The presidential election has become as much a viewing experience as an electoral one. We watch on TV as states turn blue or red, deciding whether Barack Obama or Mitt Romney will be president come January. Here is a viewers' guide to the proceedings, pointing out what to look for as the polls close.
Most polls point to nine battleground states. However, some recent data has also included Pennsylvania and Michigan among the swing states. They remain in the Obama camp, but his lead has narrowed lately, possibly putting them into play.
Here is the schedule of poll closings for the battleground states:
7 PM ET - Virginia
7:30 PM ET - Ohio, North Carolina
8 PM ET - Florida, New Hampshire, [Pennsylvania]
9 PM ET - Colorado, Wisconsin, [Michigan]
10 PM ET - Iowa, Nevada
Remember, a presidential candidate requires 270 electoral votes to win. Each state has a different number of electoral votes based on population. Polls in most states show a clear victory is likely for one candidate or the other - leaving the presidential election to be decided by the so-called battleground or swing states.
Here is what to watch as the polls close Tuesday night:
7:00 PM ET
There's not much to be told by Virginia alone at 7 PM ET. However, it might be an indication of how things are leaning in the swing states, especially North Carolina.
Virginia and North Carolina have voted for the same candidate in every presidential election going back to 1976, when Virginia went for the Republican Gerald Ford and North Carolina voted with the rest of the South for Georgian Jimmy Carter.
So the last eight elections have seen these two states line up together in the presidential contest - meaning that where Virginia lands is likely a good indication of where North Carolina might end up.
7:30 PM ET
The first key test will come at 7:30 PM ET, when polls close in both Ohio and North Carolina.
If Obama takes Ohio and North Carolina, he pretty much has the election won, barring any surprises in other states that are considered locks for his camp. Even a loss in Florida at this point - considered by many to be the most important swing state - would not be a debilitating defeat.
However, if Romney wins both North Carolina and Ohio, the momentum shifts decidedly toward the Republican. Presumably, if Romney wins North Carolina, he would have already secured Virginia as well. This makes Florida - a state that seems to be leaning towards the Republican camp - almost all important for Obama to take.
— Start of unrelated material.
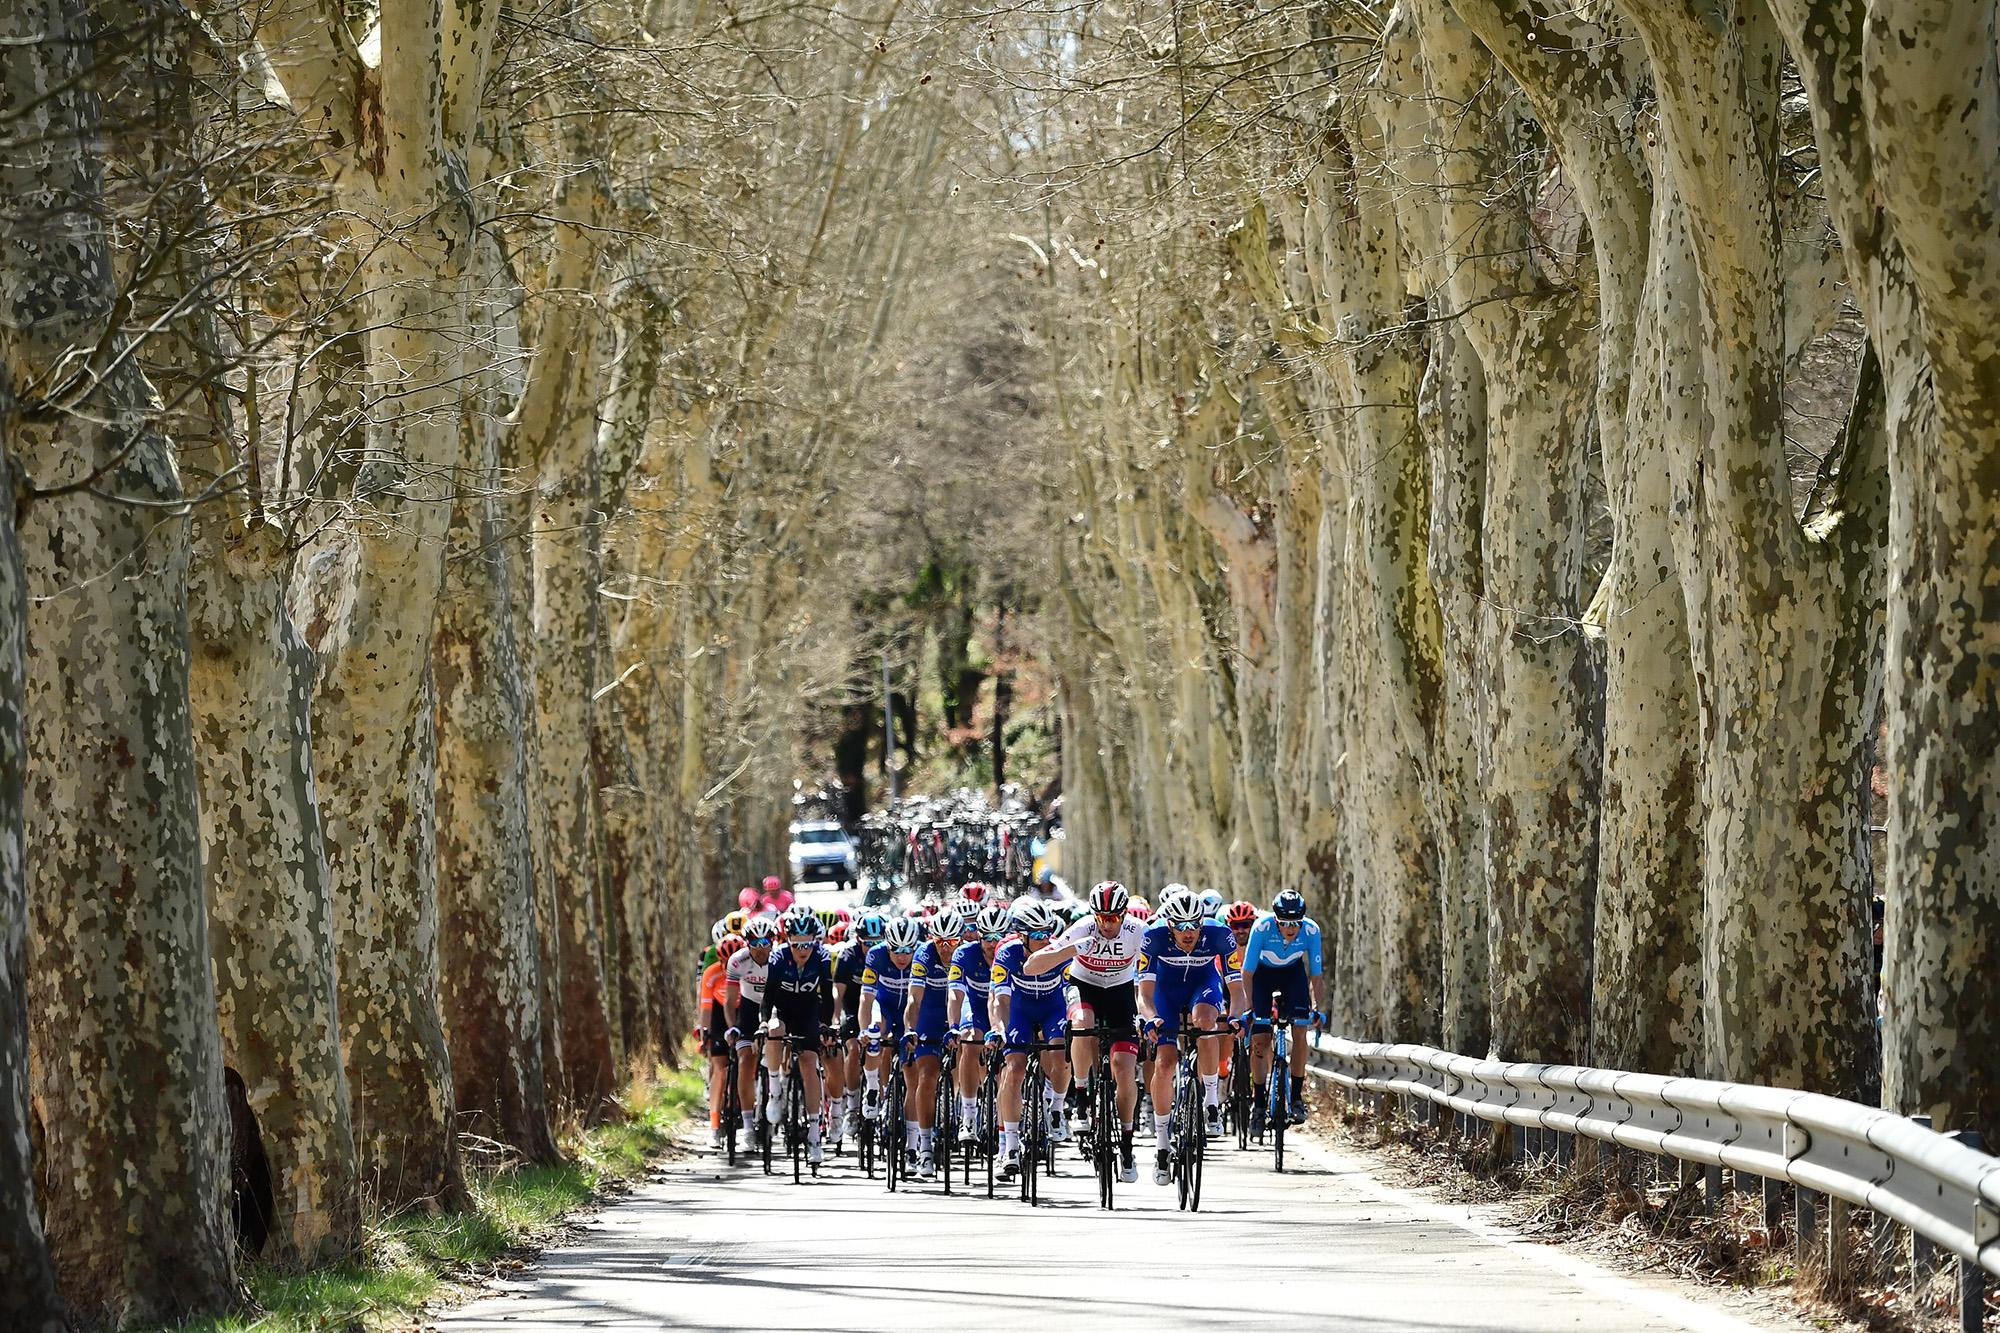 Paris-Nice 2019 - 2019/03/15 - Etape 6 - Peynier / Brignoles (176.5 km) - Peloton scinde en plusieurs groupes

Meanwhile, a split of the 7:30 PM ET swing states keeps Florida in the spotlight.
8:00 PM ET
Any split would make Florida the key - an Obama win there would secure the election for him. If Obama takes Ohio, but loses North Carolina (and probably Virginia), then the attention shifts to Florida, but momentum would still seem to favor Obama.
Florida polls close at 8 PM. If Obama wins the Sunshine State, he's basically won the election. He needs only to hold the states he is expected to win and secure one other swing state to lock up the number of electoral votes he needs.
If Obama loses Florida, then it is important what happened before. If Romney has swept the swing states up to this point - Virginia, Ohio, North Carolina and Florida - then the former Massachusetts governor will need just one other swing state to reach the key electoral vote total.
However, if the early swing states have split, Obama will have a number of paths open for a second presidential term. If he has lost Ohio, but picked up North Carolina and Virginia, the president will just need to secure one other swing state to win. If he won in Ohio, but lost in the states of the upper South, then he would basically need two more swing states further west to fall into his camp.
The tone of the election will likely be decided by Florida. A close vote might keep the state undecided until late into the evening (with visions of 2000 playing in everyone's minds). The later poll closings - in places like Colorado, Nevada, Iowa and Wisconsin - could either sew up the election, or keep things interesting while Florida is in limbo.